О том, как она зарабатывала эту квартиру, до сих пор ходили легенды в жилищном отделе горсовета. И долго еще после происшествия кто-нибудь из чиновников посреди совещания оборачивался к другому, прицокивал языком, подмигивал, говорил шепотом:
— Адыл Нигматович, я как вспомню: ка-акая же-енщи-на, а? Груди-то видали, прям антоновка, золотой налив!.. Как думаете, она вправду с четвертого этажа сиганула бы?
— Э-э-э! — морщился Адыл Нигматович, — глуп-сти! Тот дженчина просто бандитка некультурный, больше ничего. Какой воспитаний у него, а? Вишел голий на балкон, дочкя на перил садил… Кричал — сам прыгну, дочкя ронять буду!.. Гришя, подумай сам — зачем горсовет такой скандал!
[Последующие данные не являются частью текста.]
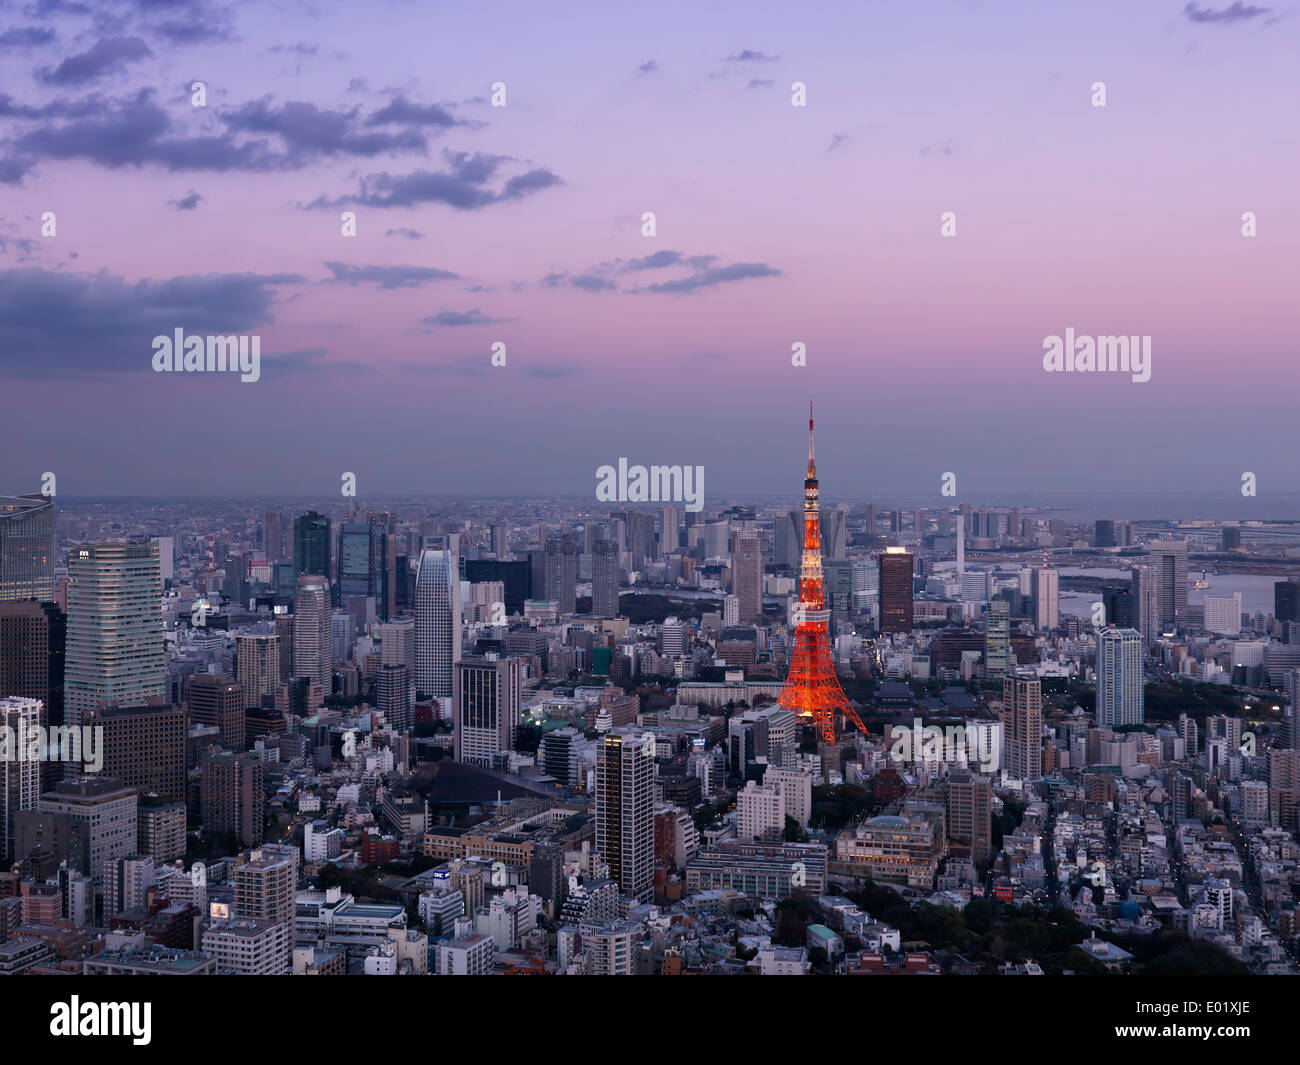 Illuminated bright red Tokyo Tower in city landscape dramatic aerial twilight scenery. Tokyo, Japan. Stock Photo

Пусть уже сидит в тот квартир, самашедчий дженчина!
— Ты у меня отсюда бесплатно вылетишь, вместе с картинками, ветер в ушах запоет!
«Портрет бы с тебя, стервы, писать, — подумала Вера. — Уж больно живописна в яркой косыночке на рыжей завивке, в оранжевой этой кофте… Посадить у окна, чтобы свет — слева, а фон приглушенный, пожалуй, серовато-синий… Тогда лицо приобретет сияющий зеленоватый оттенок, дополнительный к красному, яркому… Та-ак… Свет от окна освещенную часть лица сделает холоднее, чем затемненную… а на той будет рефлекс от теплых оттенков обоев… Хм… так-так… аккорды зеленого и красного повторить в одежде… да… и более глухими отголосками на спинке стула… и тогда среда наполнится энергией двух этих цветов, из которых возникнет живописная ткань портрета…»
Ну, чего не жить как люди?
Вслух она сказала:
— Ну, смотри, не обижайся… Мать театрально захохотала.